日足ベースのドル・円は、一目均衡表の雲上限を上放れているほか、遅行スパンも実線を上回っていることから目先のトレンドは強い。9月1日の144円44銭と、11日の145円90銭を結んだ下値支持線に対して、7日と8日の147円88銭と、15日の147円99銭(年初来高値)を結んだ上値抵抗線を上放れていることから、短期的なターゲットとして、昨年10月以来となる150円台到達が意識されよう。

FOMCを無事に通過したことから、市場の関心は明日まで開催される日銀会合に移っている。前回7月の日銀会合にて、イールドカーブコントロール(長短金利操作)の運用柔軟化を決めたことから、金融政策は現状維持が見込まれている。市場の注目は「マイナス金利解除(廃止)」を含むタカ派的なコメントの有無だろう。9月上旬の一部メディアのインタビュー以降、市場では「年内にもマイナス金利を解除するのではないか?」との疑念が生じている。

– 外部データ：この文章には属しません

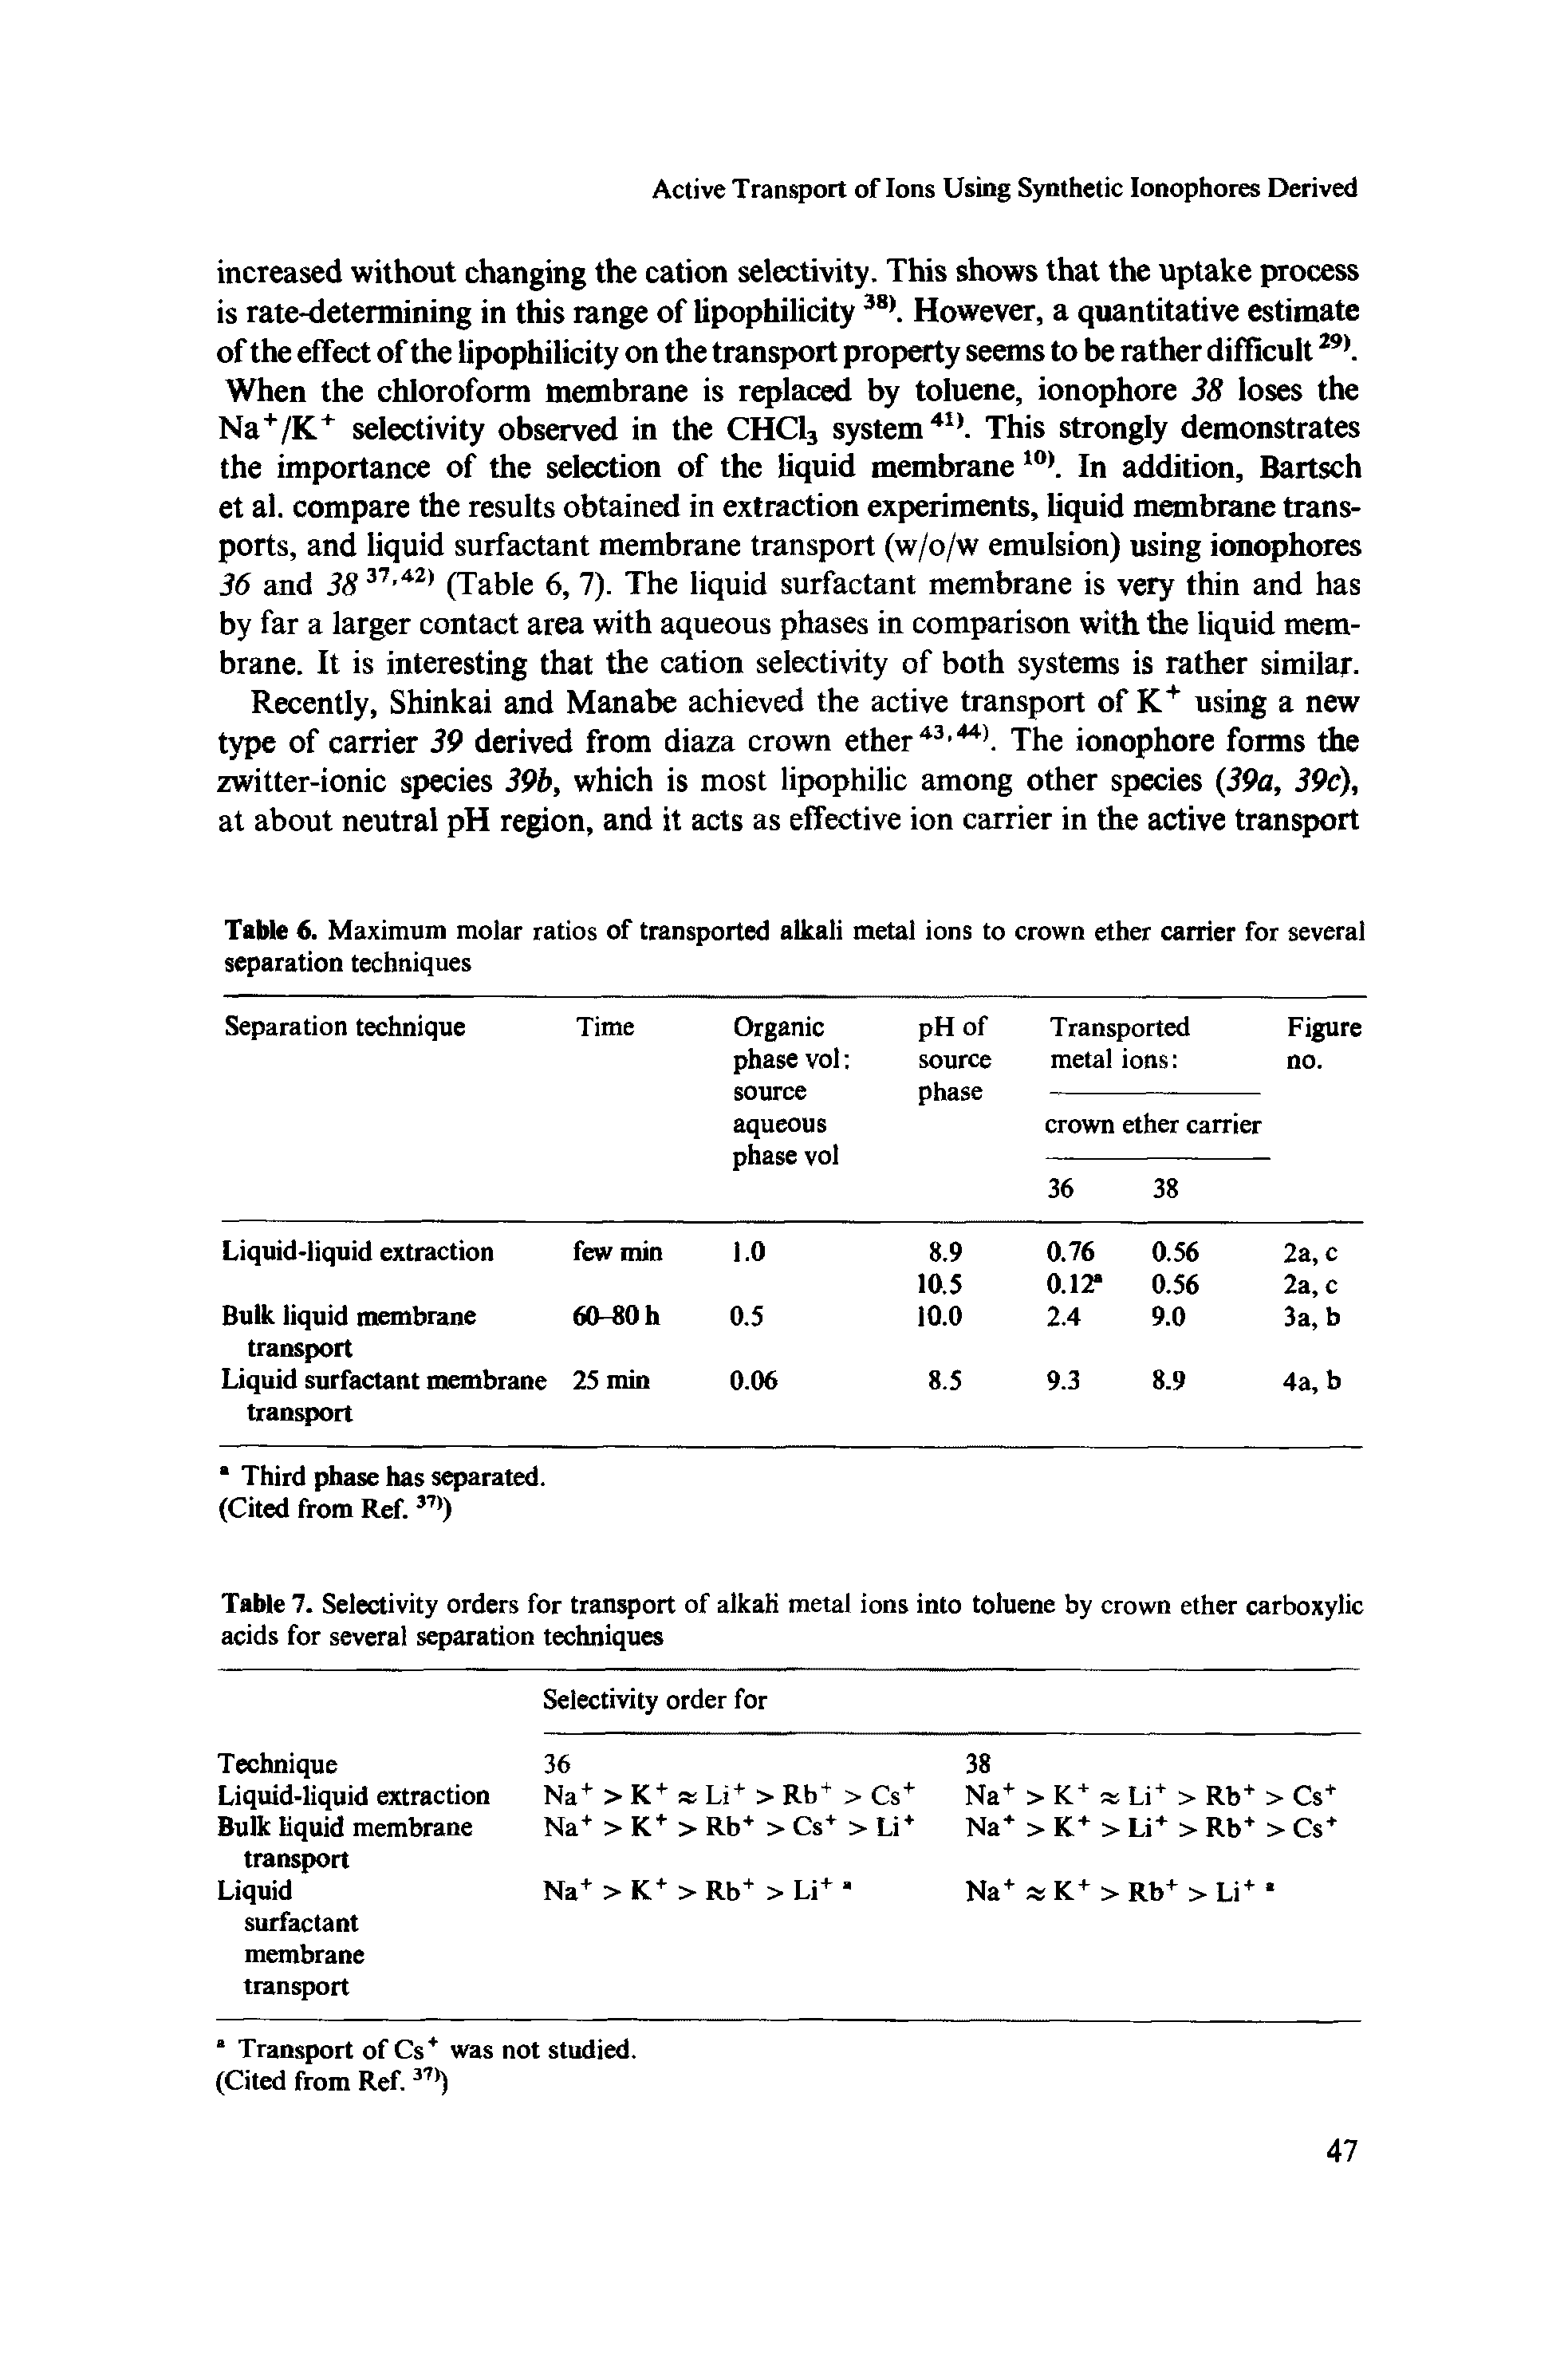 Table 6. Maximum molar ratios of transported alkali metal ions to crown ether carrier for several separation techniques...

仮に植田日銀総裁が、長期的な視点で、市場関係者に対して「マイナス金利解除の前倒し」を意識付けたかったのであれば、目的は十分達成できたと言えよう。また、「総裁が観測気球をあげて市場の反応を見た」可能性も考えられる。ある意味、市場との高度な対話を行っているという見方もできる。様々な思惑が浮上していることから、明日15時30分の植田日銀総裁による記者会見での表現には注目だ。

早期のマイナス金利解除の話に言及した場合、為替市場では円が主要通貨に対して買われる地合いとなり、債券市場では10年国債利回りが上昇、週明けの株式市場では、「銀行株買い、不動産株、電気機器株の売り」という構図が想定される。そして、「最後のマイナス金利導入の中央銀行による金融政策の大転換」を迎えることから、2021年1月から続く円全面安のトレンドは終了するだろう。この数か月話題だった政府・日銀による為替介入(円買い・ドル売り)の話も当然ながら自然消滅するはずだ。

今晩の海外時間では、それなりに重要な米経済指標の発表を控えているが、明日の日銀会合を控え膠着感が強まり、ドル・円は年初来高値圏でのもみ合いとなろう。むしろ、政策金利発表を控えて動意付く可能性があるポンドや、トルコ・リラを見ていた方が面白そうだ。今晩の上値メドは年初来高値を少し上回る148円60銭、下値メドは東京時間の安値を少し下回る147円90銭とする。